# Snowboarding in SoCal: Mt High, Mt Baldy, Big Bear?



## pchieng

I usually go to Big Bear/Snow Summit to ride, but I'm planning on going with a few newbies who have either rode once or never before. Are any of the mentioned resorts good for new people? 

I have a feeling that because they would be falling a lot, it should be at a nicer place like Tahoe (which we're talking about too). It sort of feels like a waste to drive all the way to Tahoe to ride for only a couple of hours, maybe not even picking it up. Mt Baldy & Mt High are pretty short drives, but if they eat it, it might hurt too much?
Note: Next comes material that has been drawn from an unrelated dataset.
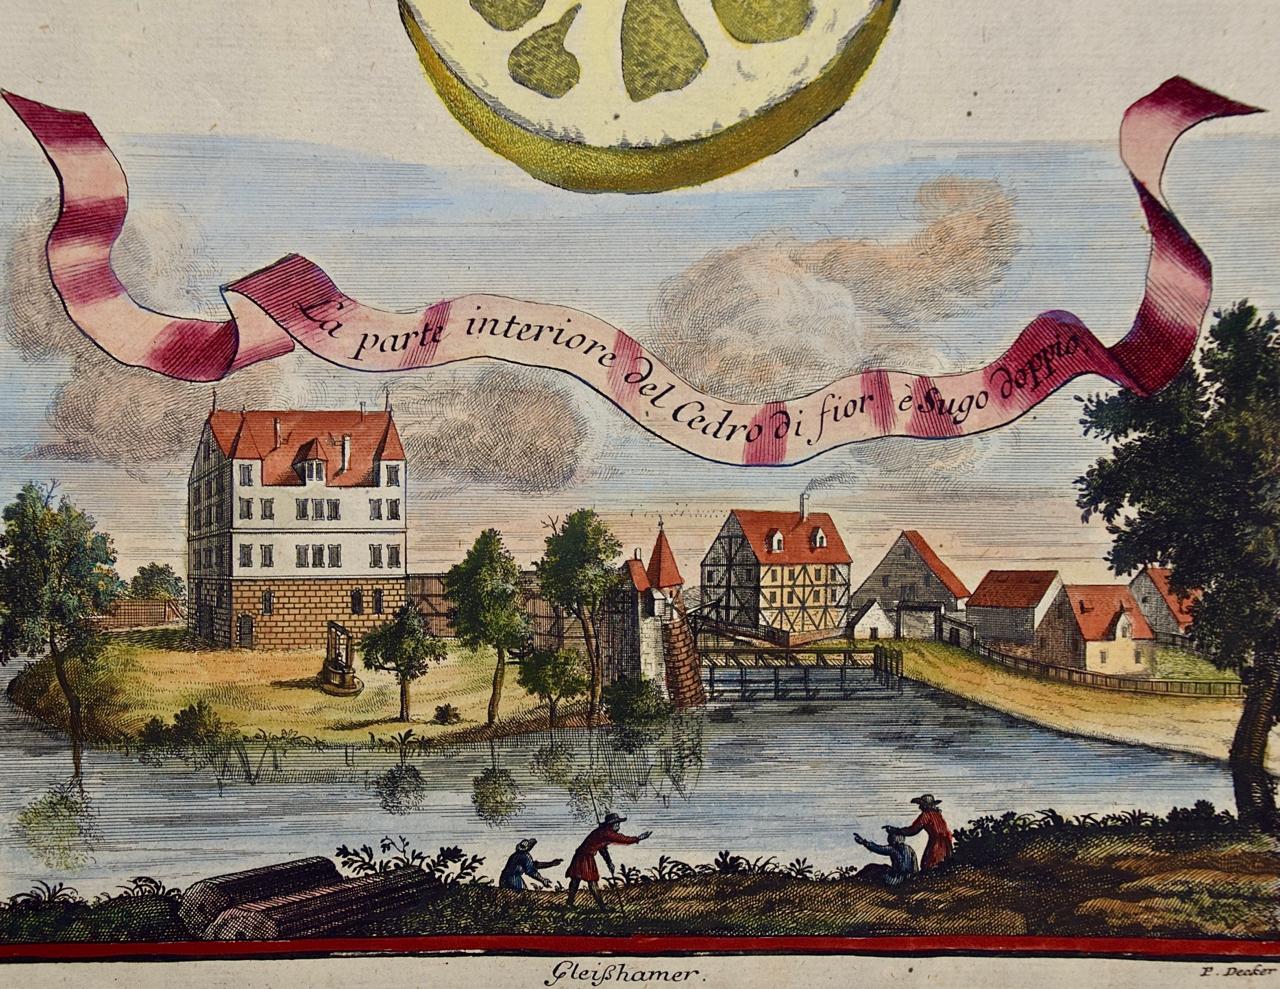 Gravure à la main de citrons « La parte interiore » (La partie intérieure) de Volckamer du début du 18e siècle, colorée à la main - Naturalisme Print par Johan Christoph Volkhamer

Any tips or advice would be nice. Thanks!


----------



## clankfu

Baldy is only good when it dumps and even then it's definitely not for beginners. Mt High gets way too packed on the weekends and the runs are really short. Out of those three, I'd go with Bear/Summit but if you can swing it, I'd drive a couple more hours to Mammoth.


----------



## goleee33

Another vote to head to mammoth. Its wear I learned to board, as well as my sister. I really like it for beginners because they have some really long runs so you can keep adjusting as you go down the mountain. its about 4-5 hours depending on wear your located in Socal


----------



## treymchattie

i learned at bear, but after heading over to summit last season, it may have been better with longer runs and less park stuff


----------



## SnowBrdScotty

go to mt high. you don't have to pay for lift tickets,just walk on the side and practice there. my buddy is teaching his daughter to board and that's what we do.


----------



## Triple8Sol

Just take them to whichever one is closer, which is prob Mt. High.


----------



## clankfu

Mammoth just got over 3 feet with more coming tomorrow.


----------



## ScBlack

Bear/summit is good for everyone. Baldy is the best if you're don't mind the old lifts and have the skills for the steep


----------



## andy1011

Try Snow Valley, it's less crowded then Bear Mountain / Snow Summit. And has some pretty cool terrain. They don't have any high speed quads is the only downside.


----------



## carsbybigd

I agree...Baldy is way too hard for newbies,best bet would be Mtn High[East if it's open],Snow Valley[shorter drive] or Snow Summit[Bear is almost all park stuff]Mt Waterman is too hard to get to and has lots of steeps like Baldy [plus only 3 lifts...4 at Baldy]


----------



## ScBlack

Too bad right now everything is pretty much back to late Spring condition..corn and slush...this warmer weather is not kind to all the new snow we just got. Still early in the season though.


----------



## crsv619

bear/summit has my vote. but if you can swing a trip to mammoth, then do it. they're getting dumped on right now too!


----------